Today I worked at the other company. I commute an hour and a bit each way, so I get back pretty late.

The computer was waiting for me when I got home…

…so was dinner and my DB.

By the time we’d eaten, cleared up, watered the plants and tidied up the sitting room it was almost 9pm. I had the choice of rushing upstairs and playing with my new puta, or having a bath and washing my hair.

Strangely enough, I chose the bath.

Tomorrow it will still be waiting for me.
Tomorrow I will unpack it.
Tomorrow I will hopefully have time to get as far as plugging it in.

How times change.

On napping before dinner

Sometimes I feel like a little kid.
Sometimes I don’t care.

Some days can be saved by an hour or so of undivided attention from a duvet.

Today was one of those days.
Having been undividedly attentioned by my duvet I am now ready to get up and make polite conversation over dinner.

🙂

Thank you duvet! 😉

On patience and pizza dough

I’m kneading pizza dough when DB walks into the kitchen…

DB: Did you put herbs in that?
Me: Yes
DB: Then it’s not dirt after all…
Me: ??!!

– 2 minutes later –

DB: Shall I turn the oven on?
Me: Not yet, I haven’t finished kneading, and then it’s got to rise and I still have to cut the toppings up and…
DB: How long’s it gunna be?
Me: Dunno. Maybe an hour?
DB: Don’t take this the wrong way, but can we buy ready made dough next time?
Me: ?!!!

It’s a jolly good thing I wasn’t making scones.

On Mystery Boxes

I returned to work on Monday and was confronted with a large grey-brown box.

Apparently The Colleague got wind of someone throwing it away and decided it would be a good coming-back-to-work present for me.

Today, after sitting and looking at it for 2 and a half days, I got The Other Guy to drive it home and carry it up my stairs for me. Very decent of him considering it took up a good share of his lunch break.

The box is not a cardboard box. Nor is it a plastic box. It is a metal box with a door. The door is mostly seethrough.

Inside the box is a square of thick glass. The glass (and the rest of the inside of the box) is covered in a thick, speckled coating of fat and other unapetisingness.

The outside of the box is less fatty and more dusty and has buttons and a dial, a small plastic-window-which-may-or-may-not-be-a-light and a tail. The tail has 2 prongs.

However. I don’t think the tail belongs to an evil spirit. I think it belongs to my new [old] microwave.

Yup. That’s right, I am the [proud] owner of a very old microwave. The sort without a spinning plate.

I have no idea if it works. I know it’s filthy though.

It has instructions on the door, forbidding it’s use when empty.

There’s no way I’m cooking anything in it before washing it.

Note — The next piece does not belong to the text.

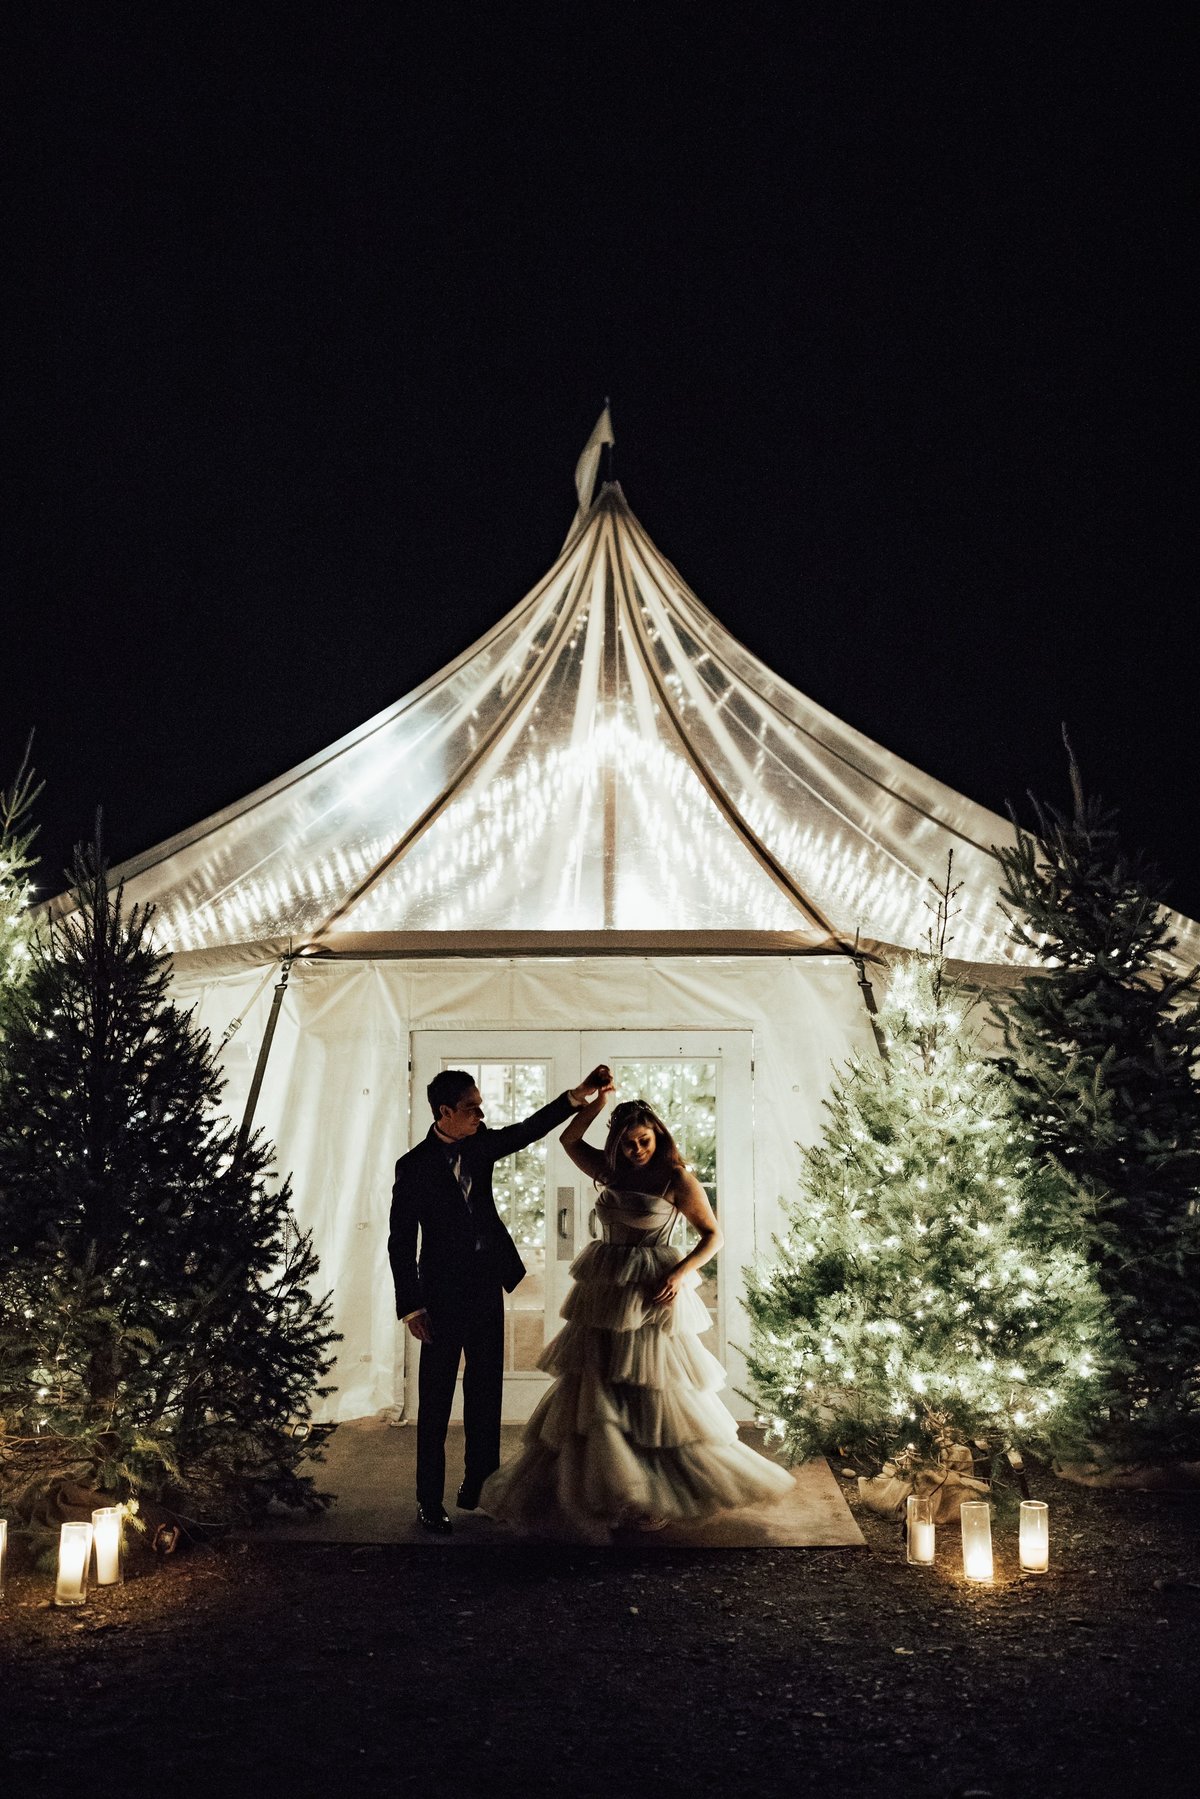 Christy-l-Johnston-Photography-Monica-Relyea-Events-Noelle-Downing-Instagram-Noelle_s-Favorite-Day-Wedding-Battenfelds-Christmas-tree-farm-Red-Hook-New-York-Hudson-Valley-upstate-november-2019-IMG_6605

And that’s the reason I don’t know if it works.

I really ought to go and clean it.

I could then proceed to find out if it works, and eat the result.

I have survived without a microwave for 2 years. I really missed having one when I moved here, then gradually got used to reheating things on the hob (instead of heating the whole oven). Lasagne soup is one of my favourites ;). I’m not sure I NEED a microwave, but I was thinking the other day about how it would be easier to defrost and reheat stuff in a microwave than in the fridge and on the hob. I like the idea of cooking properly, but I don’t often have the energy to do anything about it. When I do, I make more than I need and then freeze the surplus to be eaten at a later date. In theory this is also an idea I like. In practice, my freezer is gradually filling up with home made ready meals that no-one eats. When I come home at 11 pm (not always, but often) I have about as much interest in defrosting something as I do in cooking from scratch. I eat a lot of muesli. Yes, I could probably organise myself better and take it out of the freezer in the morning before work. But seriously? Who’s that organised? Even if there really are people like that, I’m not one of them… yet. In the meantime, I have a microwave 🙂

On mushroomsauce

Don’t try this at home.

It is a waste of time, energy, electricity, ingredients and willpower.

You have been warned.

I [re]started taking B12 supplements this week. They’re [supposedly] good against tiredness, grouchyness, depression, energy-deficiency and a whole load of other stuff. The catch is, you have to take then half an hour after eating. This means you not only have to eat, you have to finish eating at least half an hour before you go to bed. This means cooking it in time to eat, in turn meaning starting to cook in time to finish cooking, eat and still have half an hour before bed. I suppose the only options are get organised or cancel out the energy benefits by sleeping less. Unfortunately the second option seems most likely.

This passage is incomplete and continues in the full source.